→ **TASK INSTRUCTIONS**
In the listing below, find the line with "Dr. Onno Klopp: 'Kleindeutsche" and the line with "Brasilien, Bahia, Lencois: Typisch", then return them and every line between them exactly, minus the pictures.

→ **DATA SHOWN**
:::

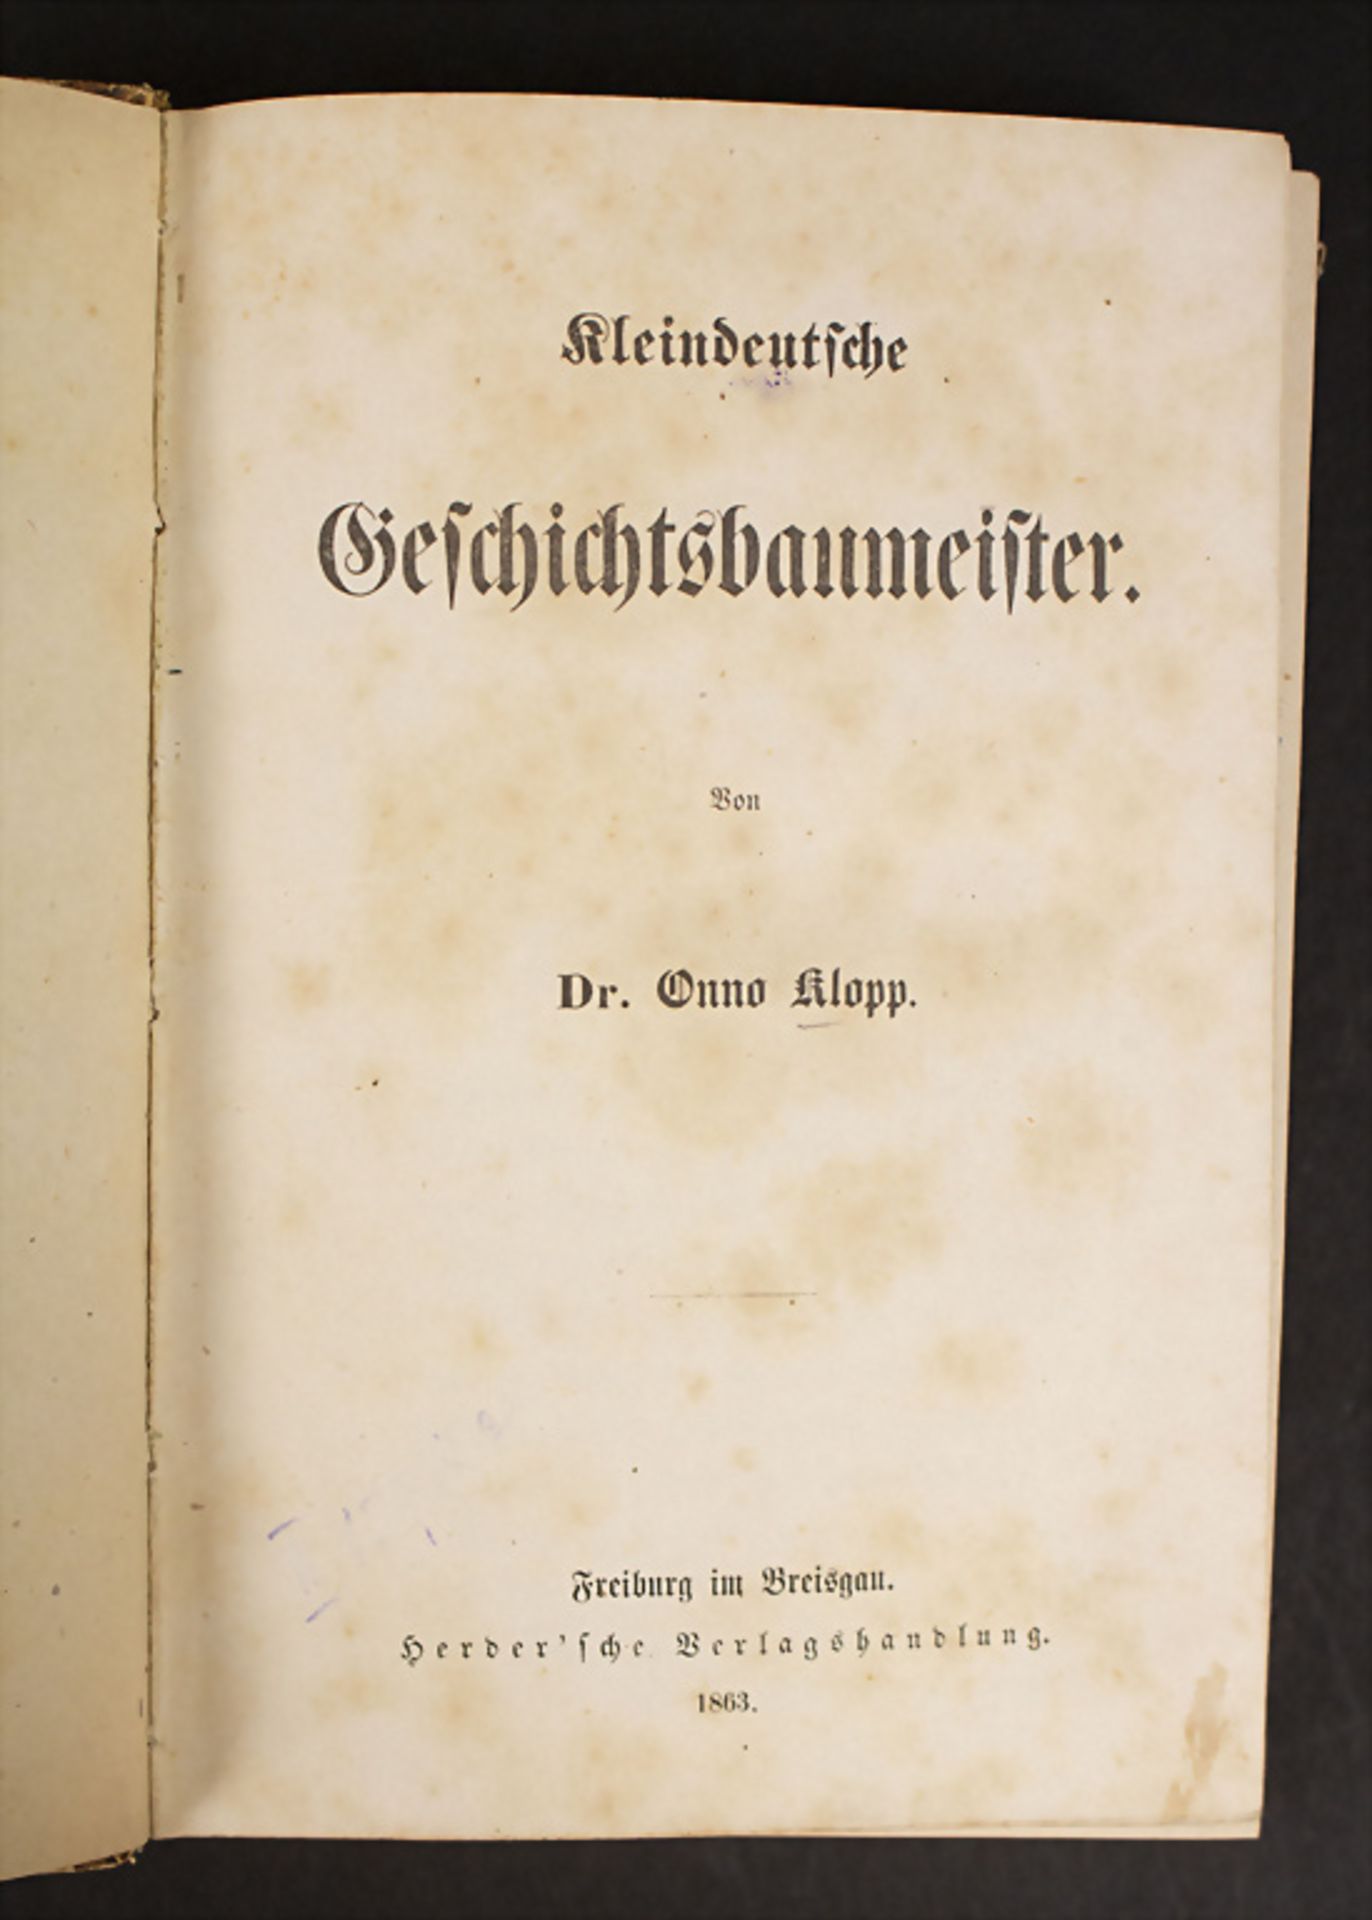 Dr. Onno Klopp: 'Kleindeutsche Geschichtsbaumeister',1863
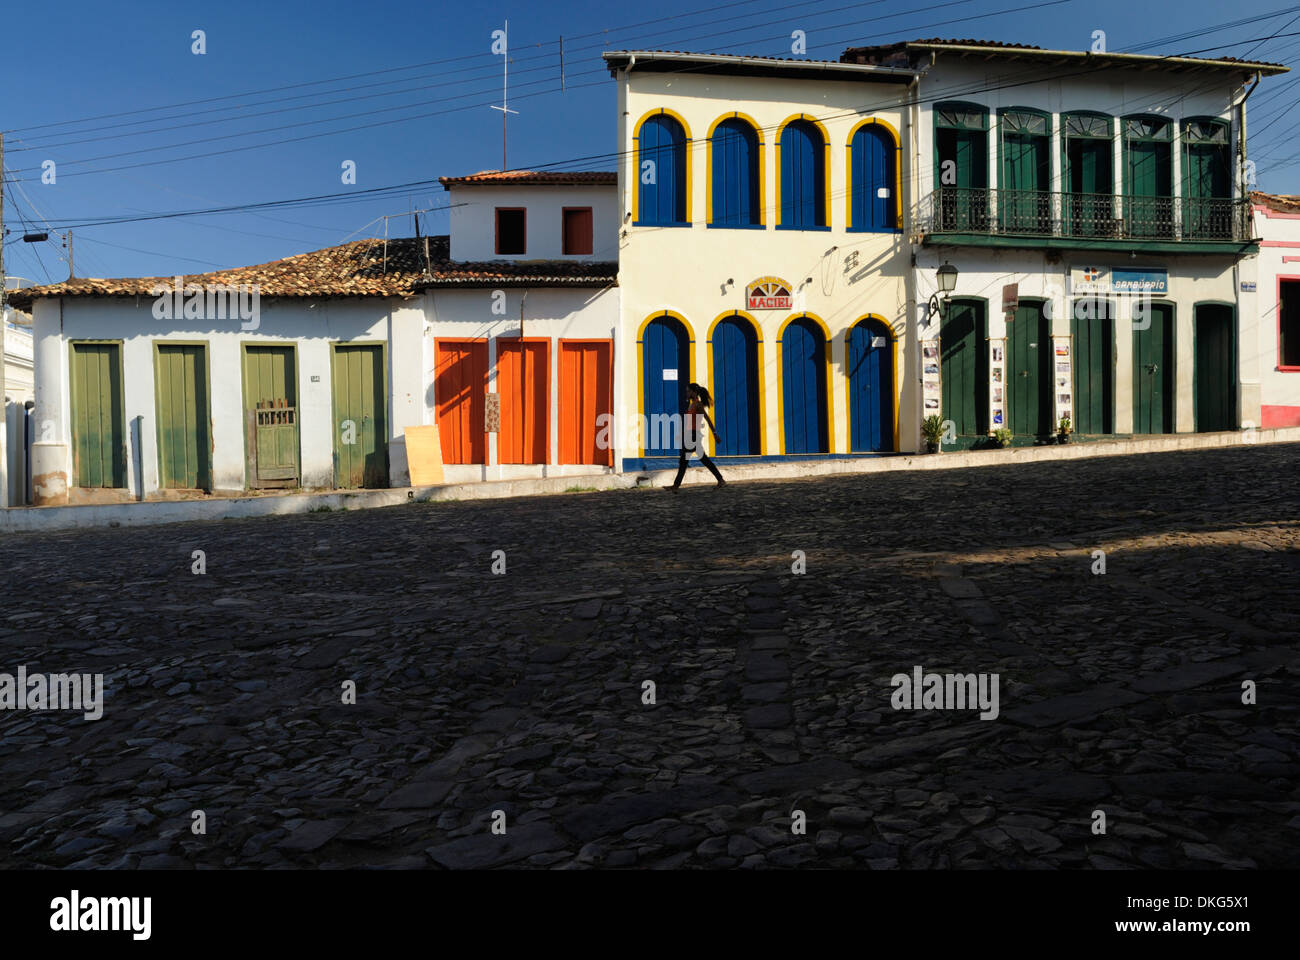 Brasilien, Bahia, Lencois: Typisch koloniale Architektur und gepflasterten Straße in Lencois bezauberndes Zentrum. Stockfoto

:::

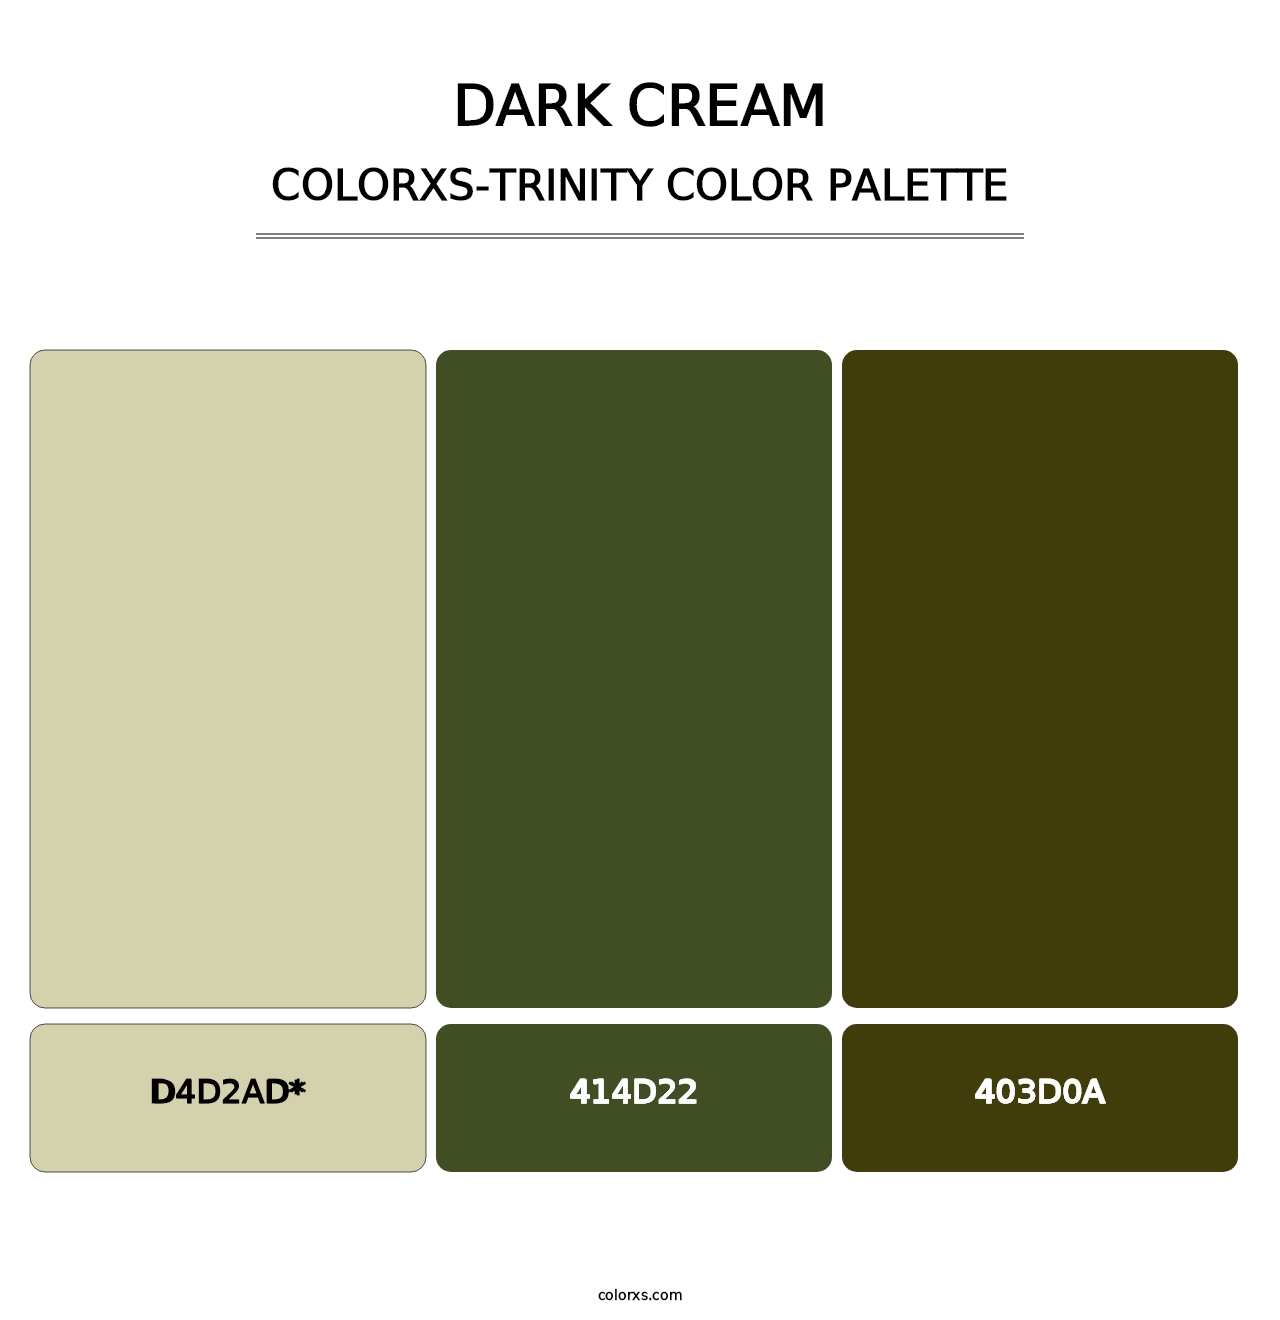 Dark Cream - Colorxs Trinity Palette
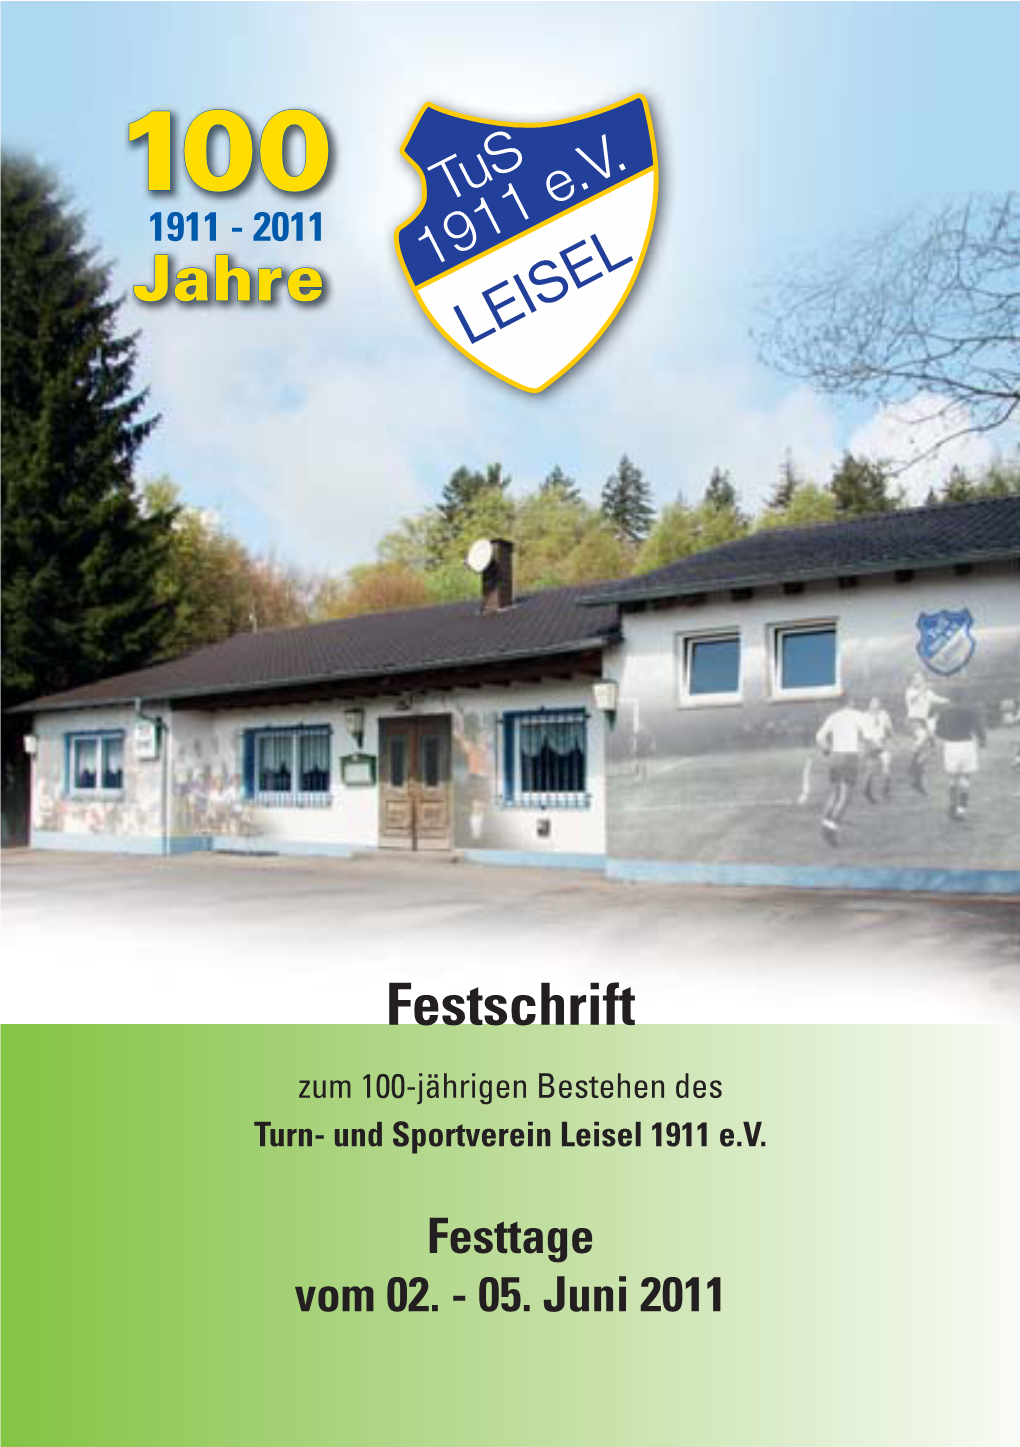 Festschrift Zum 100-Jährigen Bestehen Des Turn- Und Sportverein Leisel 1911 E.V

:::

→ **ANSWER BELOW**
 Dr. Onno Klopp: 'Kleindeutsche Geschichtsbaumeister',1863
 Brasilien, Bahia, Lencois: Typisch koloniale Architektur und gepflasterten Straße in Lencois bezauberndes Zentrum. Stockfoto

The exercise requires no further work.